Having made significant contributions to surgery for more than a century, the Johnson & Johnson Medical Devices Companies are in the business of reaching more patients and restoring more lives. The group represents the most comprehensive surgical technology and specialty solutions business in the world, offering an unparalleled breadth of products, services, programs and research and development capabilities directed at advancing patient care while delivering clinical and economic value to health care systems worldwide.

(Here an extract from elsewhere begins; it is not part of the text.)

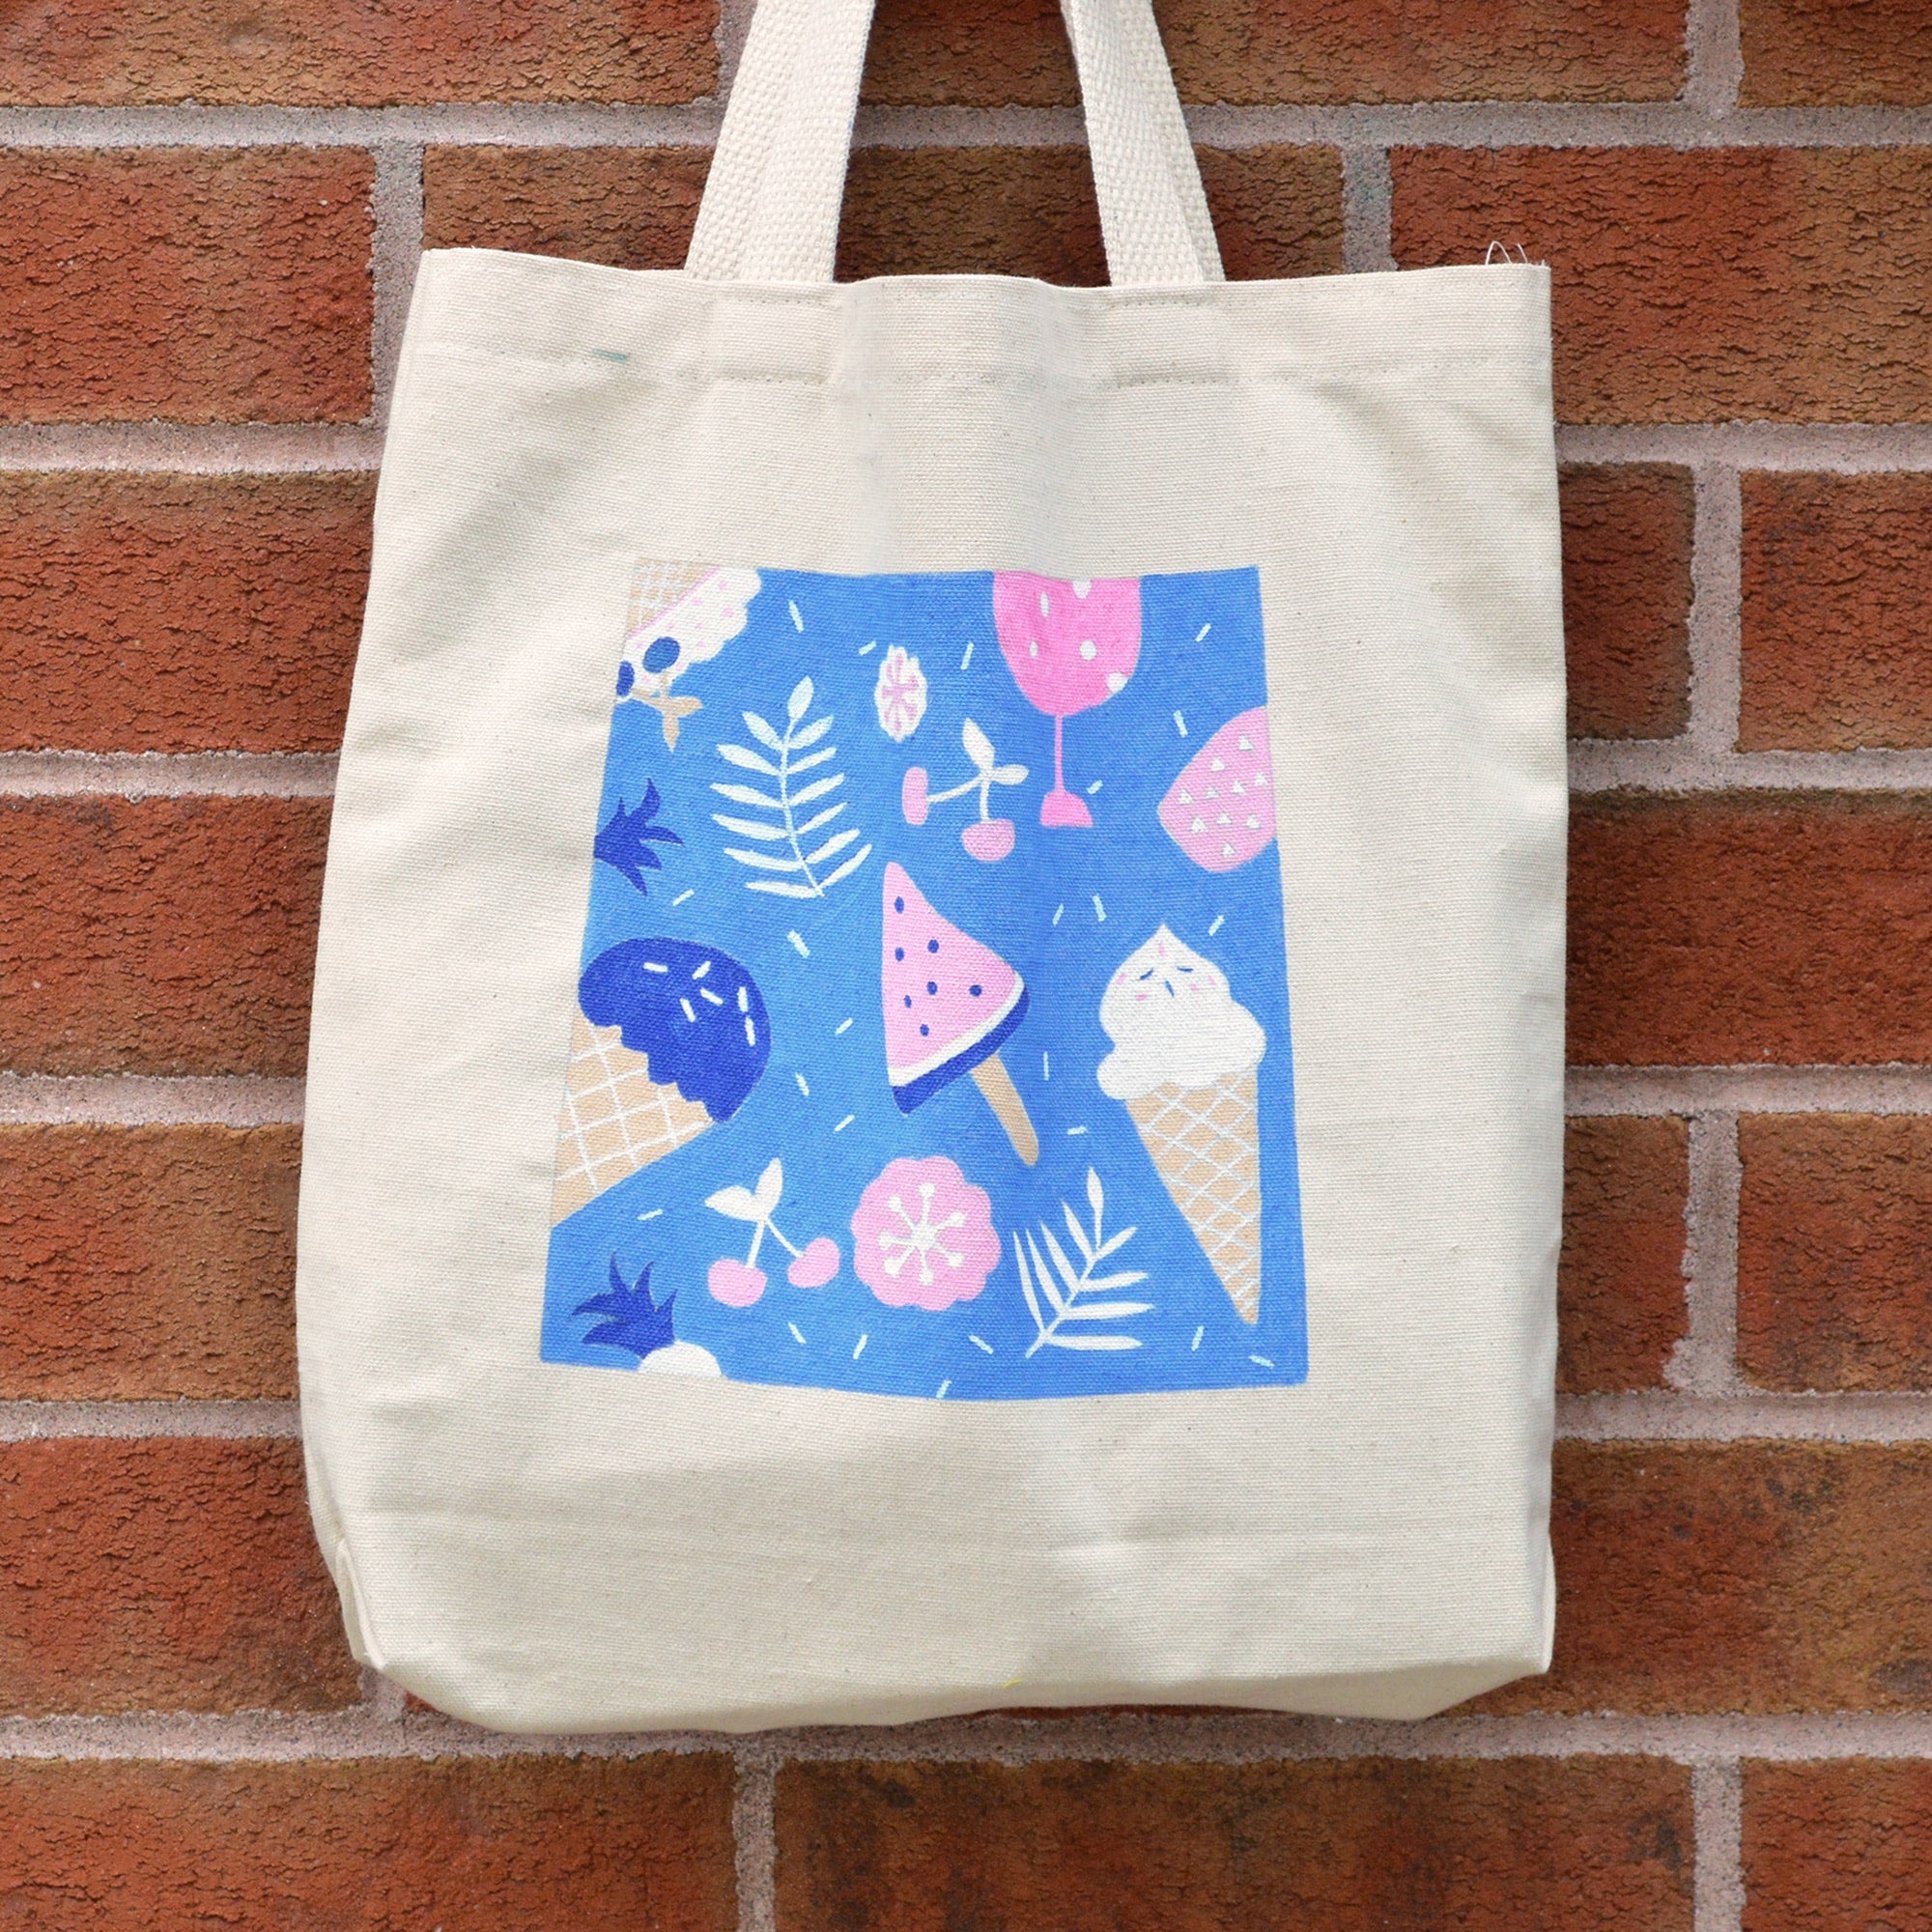 Posca markers reinvent the customized tote bag

Ethicon, Inc. is a surgical care company within the Medical Devices sector and we are recruiting for a New Product Development Labelling Lead to be based in Somerville, NJ.
The New Product Development Labelling Lead will:
  • Be point person for New Product Development Teams in developing labeling strategies, project plans and executing project plans in support of label development for new product launches. Engaged with teams directly and represents labeling function.
  • Maintain product label design and process knowledge for those platforms responsible.
  • Accountable for executing Design Control documentation and execution for label Development.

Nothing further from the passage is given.